The first thing to point out is that socialism does not mean Marx — least of all Karl — for he saw it simply as a transitional phase to communism. There are different variants and the word was used by French philosopher Henri de Saint-Simon in the 1800s who thought that revolutions in science and industrialization required the reconstruction of government and society — a kind of great reset.
The second is that accelerating chaos could take us closer to techno-feudalism than fascism. And if the would-be aristocracy reverts to a tribal form, one can foresee feudal elements.
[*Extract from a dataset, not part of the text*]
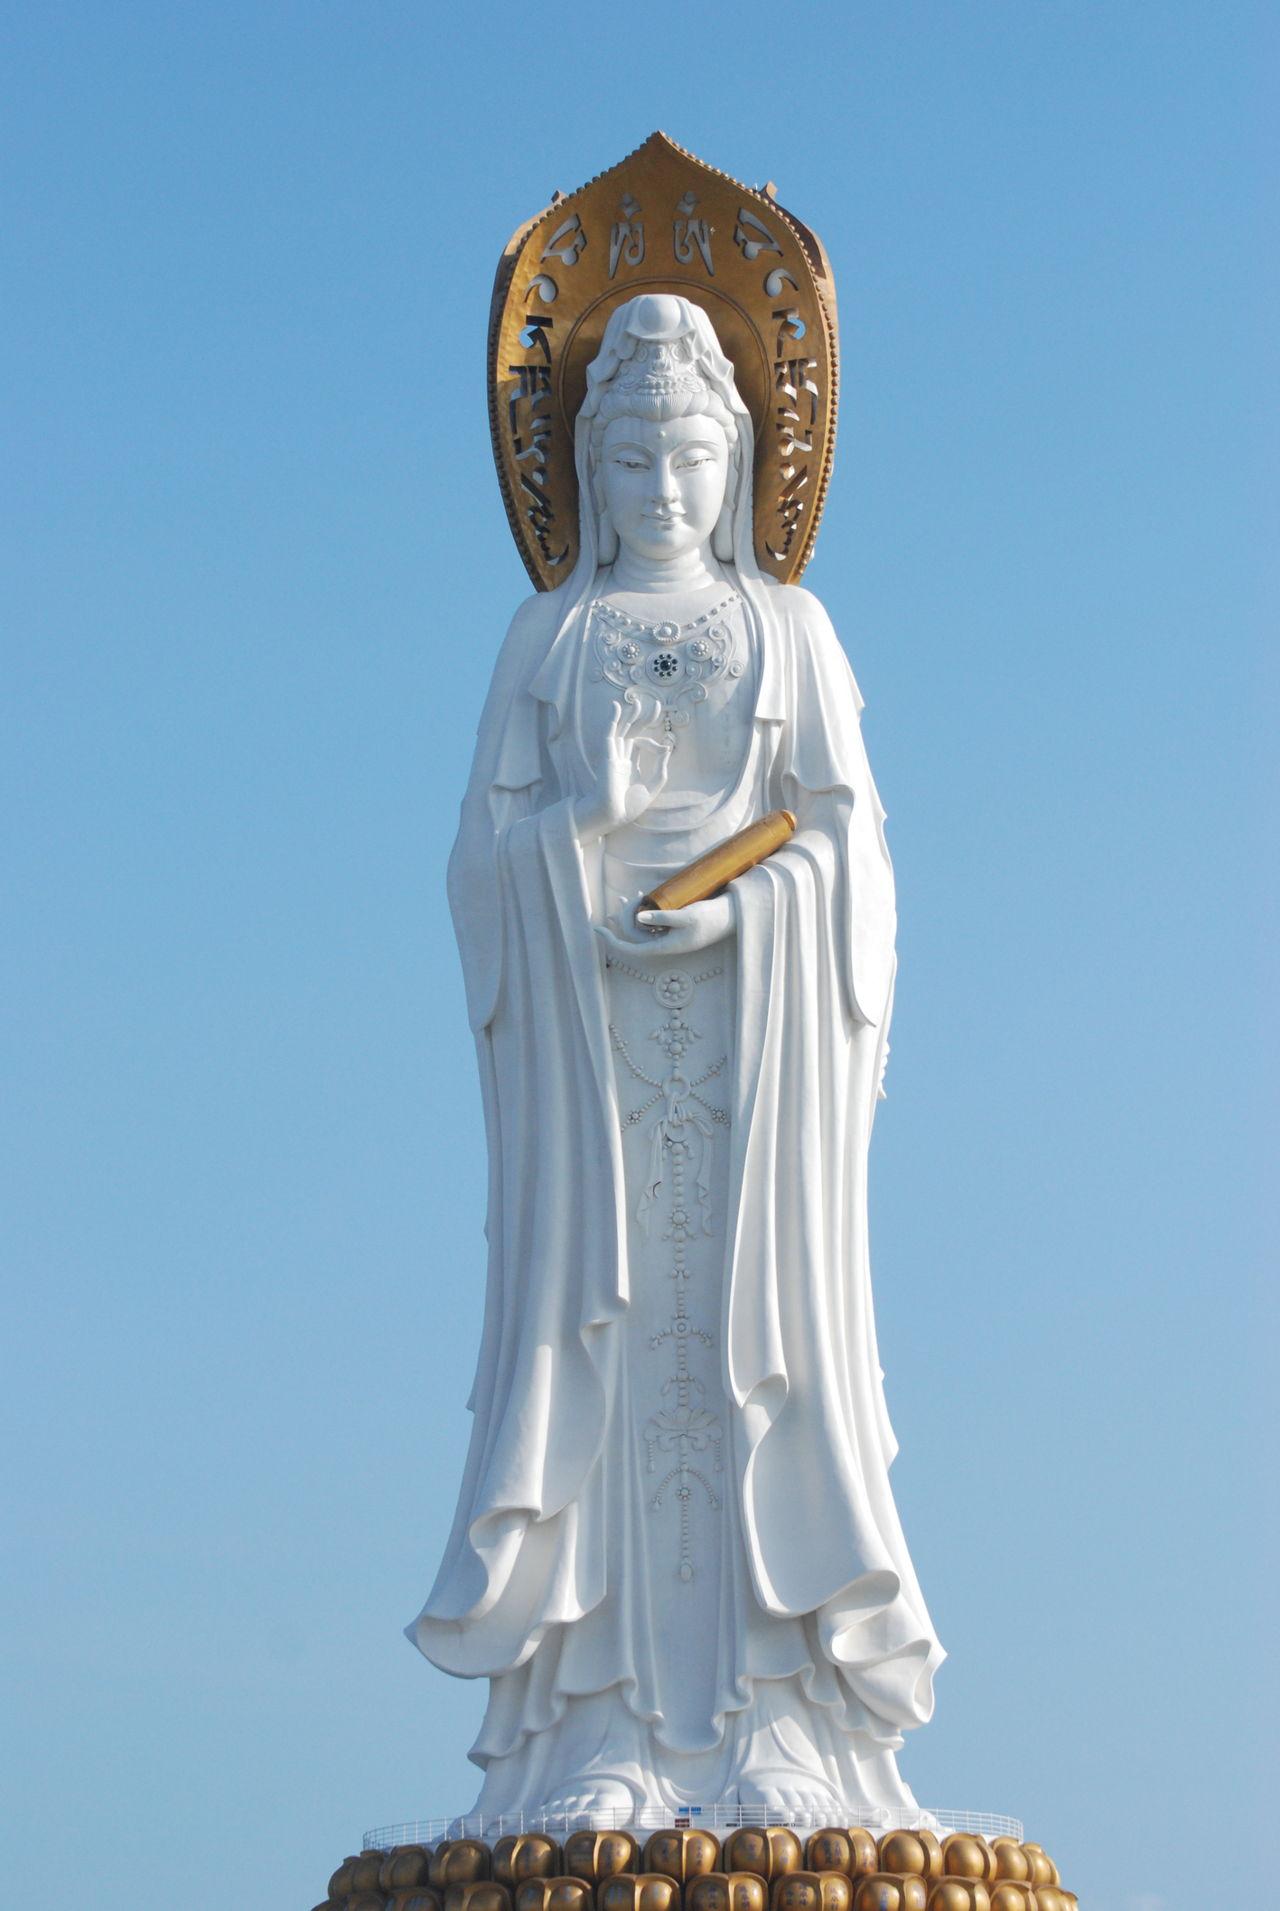 Buddhist mudras kwan in statue biocorpaavc Choice Image

The recently-proclaimed King Charles personally launched the Great Reset in June 2020, and has cooperated with the World Economic Forum for decades. The actions taken by its Young Global Leaders in numerous countries are instigating what looks with every passing day like a calculated collapse of the Western economies.
These leaders answer to big money, some of it old, most of it invested through cross-holdings in the largest corporations, in which the interests of banking, pharma, weaponry and big tech are prominent.
Choose your -ism
In short, fascism employs elements of socialism, but National Socialism may not be fascism. In the original Italian it is not a mere combination of the state and corporations but corporativism, in the sense of the regulation, governance and social obligations of the medieval craft guilds.
The National Socialist German Workers Party, in its 25 Points of 1920, promoted partial collectivism aimed primarily at large industrial corporations, leading financial institutions and wealthy landowners.
The historian Michael Newton writes that after the NSDAP failed to win over socialists and communists in the late 1920s, they tried to broaden their appeal to the middle class by adopting elements of the Third Way of Mussolini’s fascists. President Franklin Delano Roosevelt’s National Recovery Administration and the New Deal of 1933 also copied the industrial measures of Mussolini’s fascism — but few would argue that made the USA fascist.
What Hitler’s state allowed was the survival of the middle class. Fascism combined partial socialism, heavy regulation of the “commanding heights” of the economy combined with widespread private ownership of small business – the Mittelstand remains the strength of Germany and Northern Italy today.
The Nazis introduced partial socialism since the lack of land and mineral resources meant they could not yet achieve autarky, or self-sufficiency. However, once that had been achieved through Lebensraum, and the capture of plentiful agriculture and oil, would full socialism have been the objective? We cannot be sure. Think of Lenin’s New Economic Policy of 1921 which temporarily allowed private business.
This looks like evidence that Hitler’s toleration of business was driven less by ideology and more by the need for support; he needed the middle class and could not afford to expropriate it.
Today it is precisely the middle class that is being suppressed. It is the explicit target of the WEF’s “you will own nothing and be happy.” The Covid lockdowns undermined small business, while the letting the big retailers stay open. Along with bailouts this represents a giant redistribution to the wealthy. Now fuel and food shortages. Next, monetary collapse. Only the toughest totalitarians attempted anything on this scale.
The intrusion on privacy, the track and trace, first introduced in the War on Terror, then the War on Covid, will eventually reveal its true target: you and me.
One begins to think this is less about -isms than class envy, a desire for repression: the analysis may be Marxist or fascist but the origin is more like feudal entitlement since it is rooted in occupancy — what space you occupy, what share of the air you breathe, whose land you roam. Political systems or niceties cannot account for these claws that scratch at feces, a contaminated swab that transmits the excrement of resentment that is as common among the owners as the dispossessed.
Study of the economy of the Third Reich is fairly recent, and many historians have a poor grasp of economics.